>>

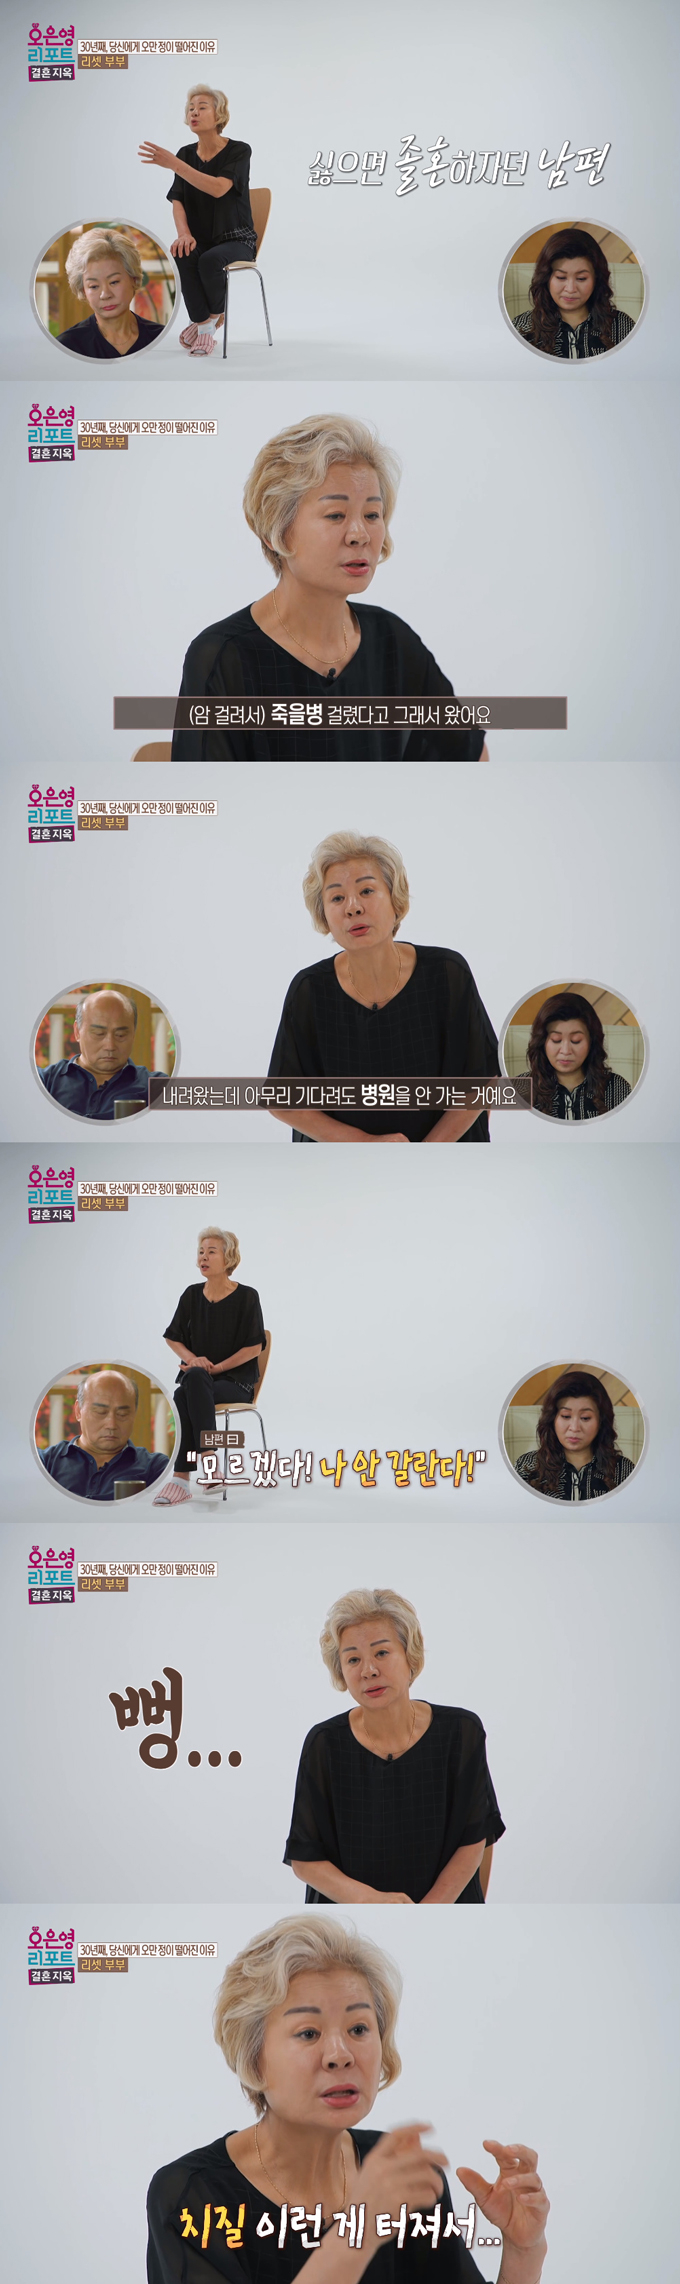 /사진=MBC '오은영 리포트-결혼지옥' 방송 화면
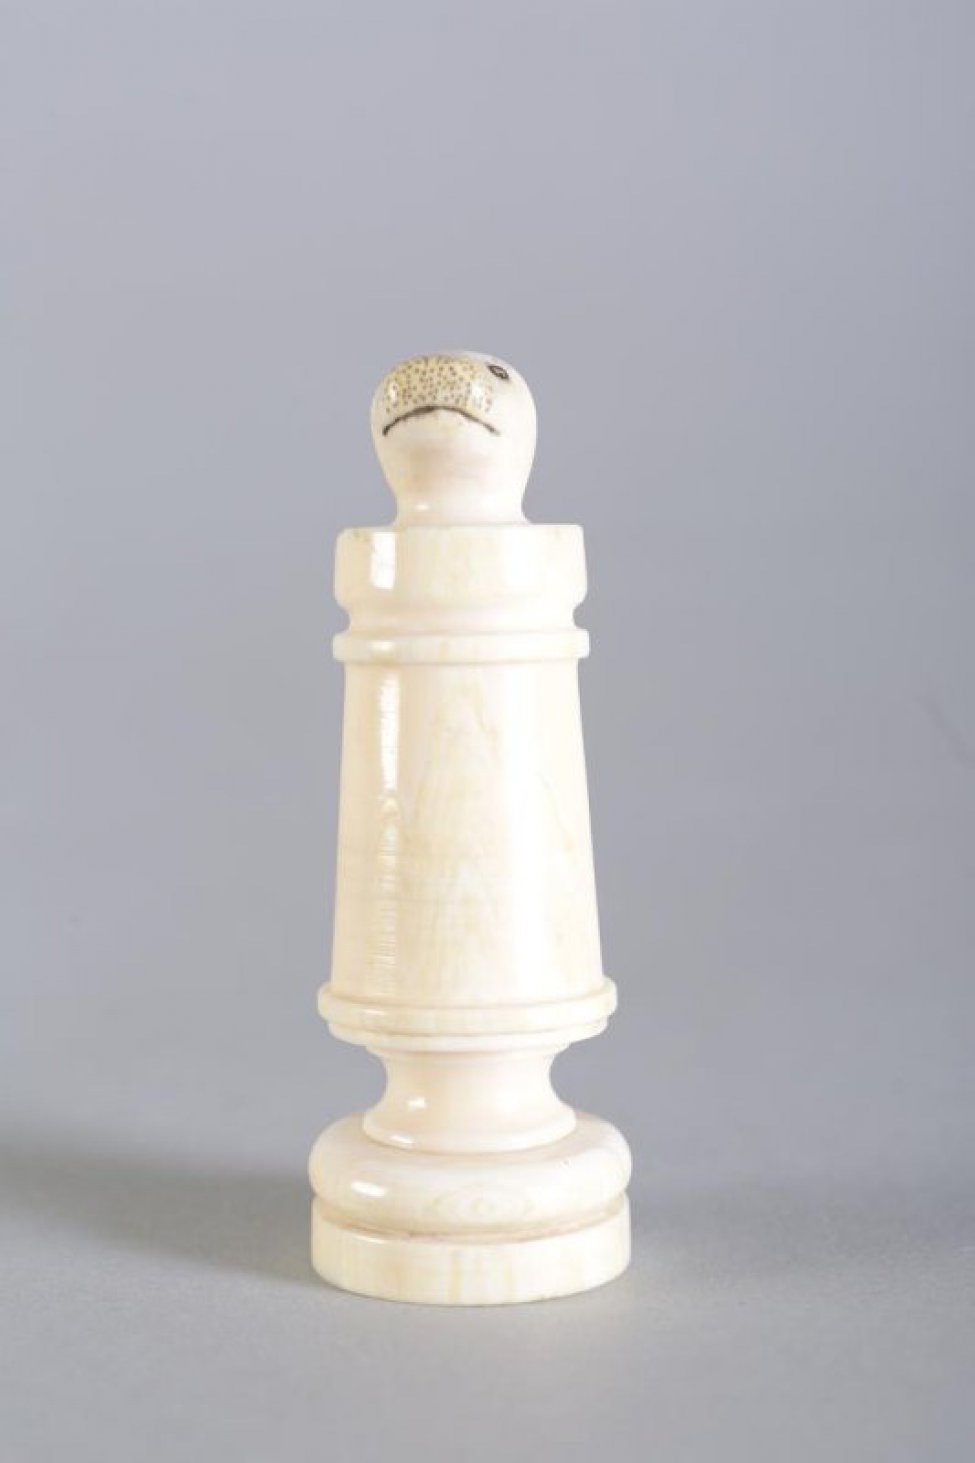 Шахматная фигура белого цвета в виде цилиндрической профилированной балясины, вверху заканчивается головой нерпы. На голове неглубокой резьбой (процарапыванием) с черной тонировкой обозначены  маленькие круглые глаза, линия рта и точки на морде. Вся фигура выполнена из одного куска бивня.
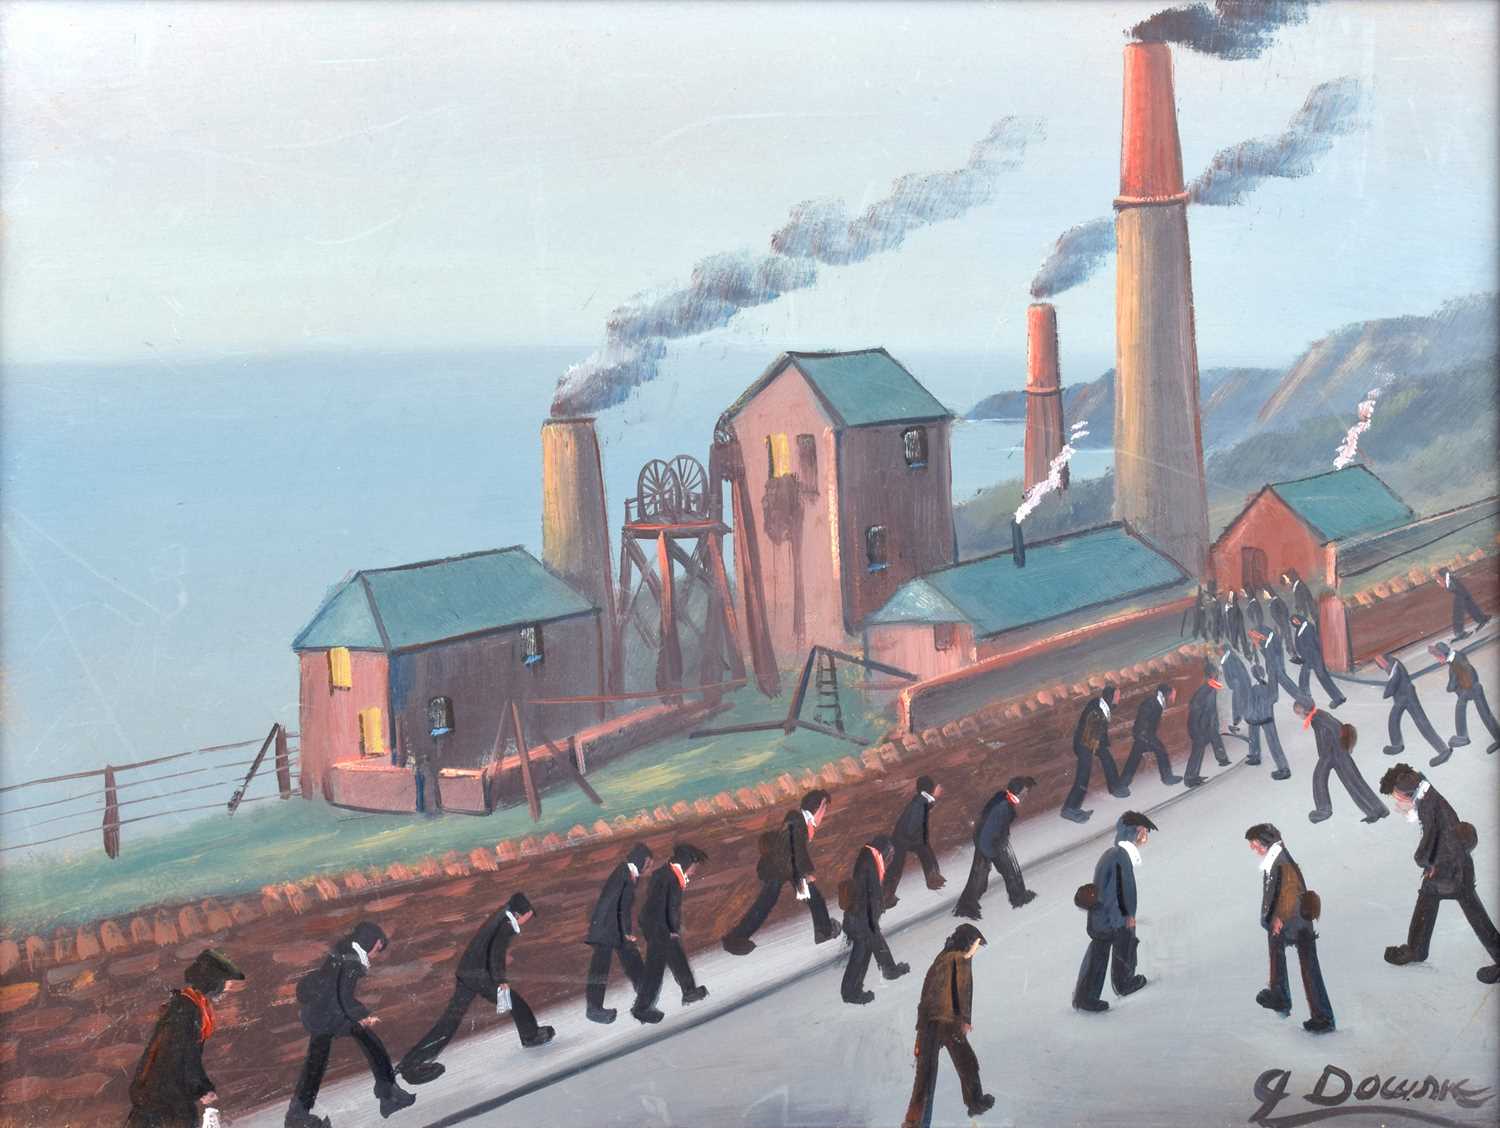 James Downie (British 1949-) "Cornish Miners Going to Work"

<<
>>

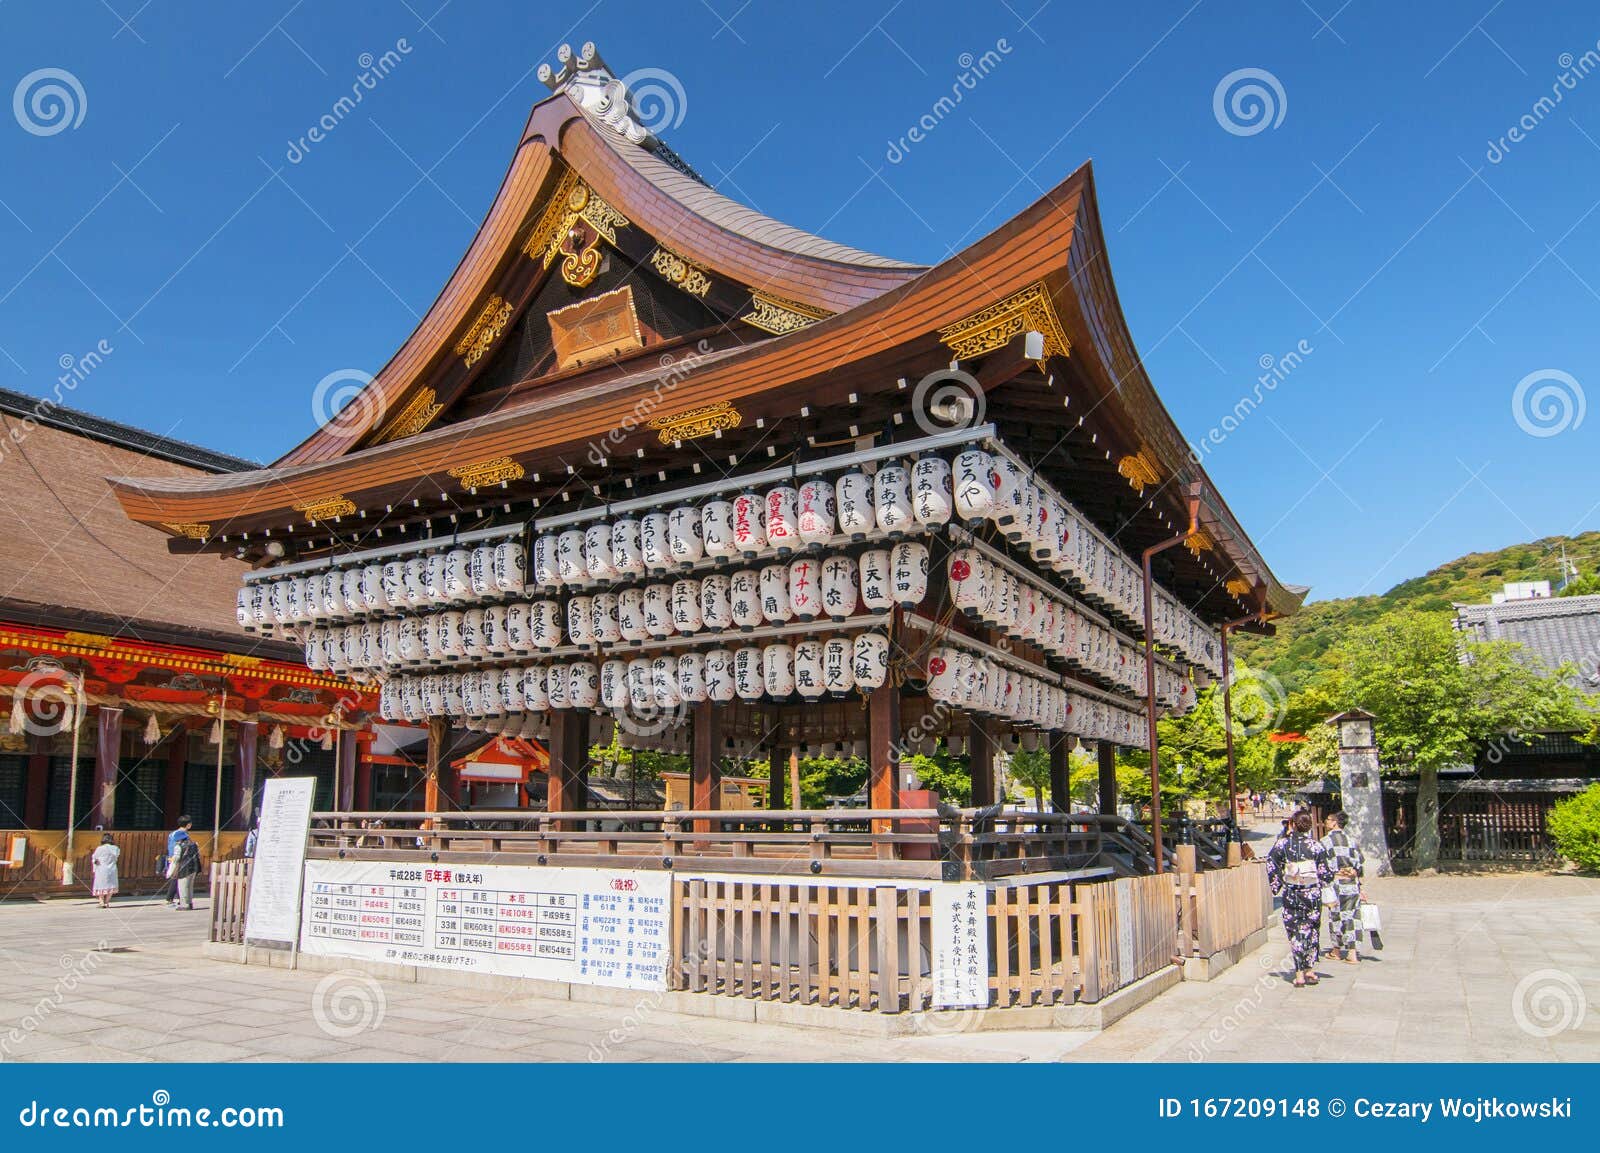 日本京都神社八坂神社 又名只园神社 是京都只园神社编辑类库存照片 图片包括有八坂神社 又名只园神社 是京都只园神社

<<

WHAT YOU NEED TO DO
What you write must match the listing exactly, from the line with "리포트-결혼지옥' 방송 화면" up to and including the line with "James Downie (British". Pictures stay out.

RESULT OF THIS TASK
 /사진=MBC '오은영 리포트-결혼지옥' 방송 화면
 Шахматная фигура белого цвета в виде цилиндрической профилированной балясины, вверху заканчивается головой нерпы. На голове неглубокой резьбой (процарапыванием) с черной тонировкой обозначены  маленькие круглые глаза, линия рта и точки на морде. Вся фигура выполнена из одного куска бивня.
 James Downie (British 1949-) "Cornish Miners Going to Work"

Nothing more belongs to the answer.